What this task involves.
Return only the lines of the listing below that run from the line with "South West Tourism Gold Award" through the line with "Photo 26: Photos: 3554", both ends included, exactly as written.

*** Data for processing Section Begins ***

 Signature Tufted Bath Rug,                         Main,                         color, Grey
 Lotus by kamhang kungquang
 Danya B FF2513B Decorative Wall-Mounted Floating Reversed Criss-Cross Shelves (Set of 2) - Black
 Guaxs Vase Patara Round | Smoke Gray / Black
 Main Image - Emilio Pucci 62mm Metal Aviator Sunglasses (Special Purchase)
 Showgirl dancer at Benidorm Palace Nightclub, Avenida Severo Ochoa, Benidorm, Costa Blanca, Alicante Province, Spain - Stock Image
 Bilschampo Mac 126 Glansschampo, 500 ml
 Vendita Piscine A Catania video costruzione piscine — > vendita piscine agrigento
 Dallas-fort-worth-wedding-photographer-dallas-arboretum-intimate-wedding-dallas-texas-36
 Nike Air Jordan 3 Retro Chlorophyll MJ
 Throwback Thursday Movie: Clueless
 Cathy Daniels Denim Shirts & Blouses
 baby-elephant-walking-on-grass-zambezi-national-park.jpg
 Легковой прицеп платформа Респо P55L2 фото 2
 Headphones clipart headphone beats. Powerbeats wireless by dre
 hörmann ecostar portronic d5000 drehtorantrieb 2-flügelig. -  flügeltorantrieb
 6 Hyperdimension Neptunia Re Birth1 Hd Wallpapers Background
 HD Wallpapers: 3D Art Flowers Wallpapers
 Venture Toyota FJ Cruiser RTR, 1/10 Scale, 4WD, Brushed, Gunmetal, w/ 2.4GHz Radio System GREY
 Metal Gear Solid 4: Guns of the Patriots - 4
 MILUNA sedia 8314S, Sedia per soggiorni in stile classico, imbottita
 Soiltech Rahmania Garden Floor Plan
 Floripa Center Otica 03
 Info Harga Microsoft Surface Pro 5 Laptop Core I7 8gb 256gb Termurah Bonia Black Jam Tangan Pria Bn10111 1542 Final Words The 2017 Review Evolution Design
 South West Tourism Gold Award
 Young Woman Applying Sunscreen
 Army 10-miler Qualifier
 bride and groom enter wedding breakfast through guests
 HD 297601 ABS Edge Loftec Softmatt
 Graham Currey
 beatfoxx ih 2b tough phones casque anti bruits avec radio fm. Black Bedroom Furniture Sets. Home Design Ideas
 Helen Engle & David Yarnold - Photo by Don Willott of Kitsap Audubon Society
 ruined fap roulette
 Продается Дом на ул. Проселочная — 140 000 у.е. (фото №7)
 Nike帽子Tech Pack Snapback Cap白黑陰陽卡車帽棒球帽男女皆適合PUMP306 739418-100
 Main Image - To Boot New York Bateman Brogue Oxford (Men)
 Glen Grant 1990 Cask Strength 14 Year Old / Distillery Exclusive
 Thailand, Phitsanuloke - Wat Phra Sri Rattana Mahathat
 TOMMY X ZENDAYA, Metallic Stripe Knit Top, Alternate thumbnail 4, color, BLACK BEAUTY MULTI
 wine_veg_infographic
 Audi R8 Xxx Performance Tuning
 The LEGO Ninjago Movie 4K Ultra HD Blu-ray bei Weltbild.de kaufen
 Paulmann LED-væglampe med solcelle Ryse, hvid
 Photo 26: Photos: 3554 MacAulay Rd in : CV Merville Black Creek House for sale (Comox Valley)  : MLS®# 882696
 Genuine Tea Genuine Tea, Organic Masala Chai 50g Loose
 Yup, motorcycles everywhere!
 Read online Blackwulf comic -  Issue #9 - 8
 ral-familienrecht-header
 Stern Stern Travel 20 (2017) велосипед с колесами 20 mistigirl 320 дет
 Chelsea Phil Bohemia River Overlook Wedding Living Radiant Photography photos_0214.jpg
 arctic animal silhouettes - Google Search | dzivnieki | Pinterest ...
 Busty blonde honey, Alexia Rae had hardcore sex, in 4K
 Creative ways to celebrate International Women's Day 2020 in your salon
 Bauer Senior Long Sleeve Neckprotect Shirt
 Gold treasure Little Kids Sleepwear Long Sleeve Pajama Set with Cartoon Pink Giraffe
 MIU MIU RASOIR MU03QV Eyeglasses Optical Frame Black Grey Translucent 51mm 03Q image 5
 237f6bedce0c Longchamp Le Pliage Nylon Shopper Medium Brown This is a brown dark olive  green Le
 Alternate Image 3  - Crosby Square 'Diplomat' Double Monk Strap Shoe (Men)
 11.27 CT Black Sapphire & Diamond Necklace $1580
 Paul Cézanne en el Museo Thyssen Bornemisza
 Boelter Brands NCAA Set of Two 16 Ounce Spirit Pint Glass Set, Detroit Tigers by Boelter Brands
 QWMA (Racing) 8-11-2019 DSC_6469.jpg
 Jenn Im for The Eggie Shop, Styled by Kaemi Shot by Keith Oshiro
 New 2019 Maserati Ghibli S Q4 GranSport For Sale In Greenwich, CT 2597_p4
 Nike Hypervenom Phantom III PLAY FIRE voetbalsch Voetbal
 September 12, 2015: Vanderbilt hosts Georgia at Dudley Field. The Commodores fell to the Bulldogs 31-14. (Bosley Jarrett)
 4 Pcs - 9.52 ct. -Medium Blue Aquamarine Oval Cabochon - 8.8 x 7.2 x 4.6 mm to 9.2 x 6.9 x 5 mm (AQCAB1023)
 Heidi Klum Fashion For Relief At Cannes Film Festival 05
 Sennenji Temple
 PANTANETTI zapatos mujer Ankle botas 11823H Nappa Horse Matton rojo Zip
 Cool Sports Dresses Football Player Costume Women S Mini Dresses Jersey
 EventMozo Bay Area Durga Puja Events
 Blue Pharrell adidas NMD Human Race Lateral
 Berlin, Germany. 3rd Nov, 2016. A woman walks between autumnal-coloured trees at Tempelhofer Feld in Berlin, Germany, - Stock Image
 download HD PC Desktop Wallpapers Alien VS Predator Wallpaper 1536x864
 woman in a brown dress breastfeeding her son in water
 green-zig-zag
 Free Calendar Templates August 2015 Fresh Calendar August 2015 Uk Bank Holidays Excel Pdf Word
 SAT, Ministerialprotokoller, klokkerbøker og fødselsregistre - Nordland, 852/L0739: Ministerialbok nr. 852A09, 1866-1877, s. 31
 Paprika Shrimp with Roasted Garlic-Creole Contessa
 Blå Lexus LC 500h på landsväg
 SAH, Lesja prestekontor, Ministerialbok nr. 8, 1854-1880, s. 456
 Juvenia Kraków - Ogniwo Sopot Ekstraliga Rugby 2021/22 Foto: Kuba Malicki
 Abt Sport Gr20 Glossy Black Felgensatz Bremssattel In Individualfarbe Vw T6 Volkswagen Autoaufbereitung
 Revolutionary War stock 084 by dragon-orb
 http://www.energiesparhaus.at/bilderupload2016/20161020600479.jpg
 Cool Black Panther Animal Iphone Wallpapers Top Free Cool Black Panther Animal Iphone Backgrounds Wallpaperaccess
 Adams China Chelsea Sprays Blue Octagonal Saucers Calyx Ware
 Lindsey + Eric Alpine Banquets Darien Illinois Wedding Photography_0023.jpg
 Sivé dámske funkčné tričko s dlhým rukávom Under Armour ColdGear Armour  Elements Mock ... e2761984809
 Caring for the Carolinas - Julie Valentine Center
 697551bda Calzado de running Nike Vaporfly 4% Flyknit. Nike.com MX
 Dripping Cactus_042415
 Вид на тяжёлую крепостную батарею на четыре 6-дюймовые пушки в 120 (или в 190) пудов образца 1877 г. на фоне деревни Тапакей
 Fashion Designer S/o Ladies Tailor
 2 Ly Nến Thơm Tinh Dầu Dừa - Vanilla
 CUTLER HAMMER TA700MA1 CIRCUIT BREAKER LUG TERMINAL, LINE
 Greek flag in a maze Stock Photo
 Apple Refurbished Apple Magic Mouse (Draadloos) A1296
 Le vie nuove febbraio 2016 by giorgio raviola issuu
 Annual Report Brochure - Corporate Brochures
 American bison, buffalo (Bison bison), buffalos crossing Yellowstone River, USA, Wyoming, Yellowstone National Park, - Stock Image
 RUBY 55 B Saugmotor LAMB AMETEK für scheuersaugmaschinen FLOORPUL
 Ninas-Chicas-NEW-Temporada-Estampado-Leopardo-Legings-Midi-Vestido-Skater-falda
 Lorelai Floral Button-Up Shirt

*** Data for processing Section Ends ***

Output for this task.
 South West Tourism Gold Award
 Young Woman Applying Sunscreen
 Army 10-miler Qualifier
 bride and groom enter wedding breakfast through guests
 HD 297601 ABS Edge Loftec Softmatt
 Graham Currey
 beatfoxx ih 2b tough phones casque anti bruits avec radio fm. Black Bedroom Furniture Sets. Home Design Ideas
 Helen Engle & David Yarnold - Photo by Don Willott of Kitsap Audubon Society
 ruined fap roulette
 Продается Дом на ул. Проселочная — 140 000 у.е. (фото №7)
 Nike帽子Tech Pack Snapback Cap白黑陰陽卡車帽棒球帽男女皆適合PUMP306 739418-100
 Main Image - To Boot New York Bateman Brogue Oxford (Men)
 Glen Grant 1990 Cask Strength 14 Year Old / Distillery Exclusive
 Thailand, Phitsanuloke - Wat Phra Sri Rattana Mahathat
 TOMMY X ZENDAYA, Metallic Stripe Knit Top, Alternate thumbnail 4, color, BLACK BEAUTY MULTI
 wine_veg_infographic
 Audi R8 Xxx Performance Tuning
 The LEGO Ninjago Movie 4K Ultra HD Blu-ray bei Weltbild.de kaufen
 Paulmann LED-væglampe med solcelle Ryse, hvid
 Photo 26: Photos: 3554 MacAulay Rd in : CV Merville Black Creek House for sale (Comox Valley)  : MLS®# 882696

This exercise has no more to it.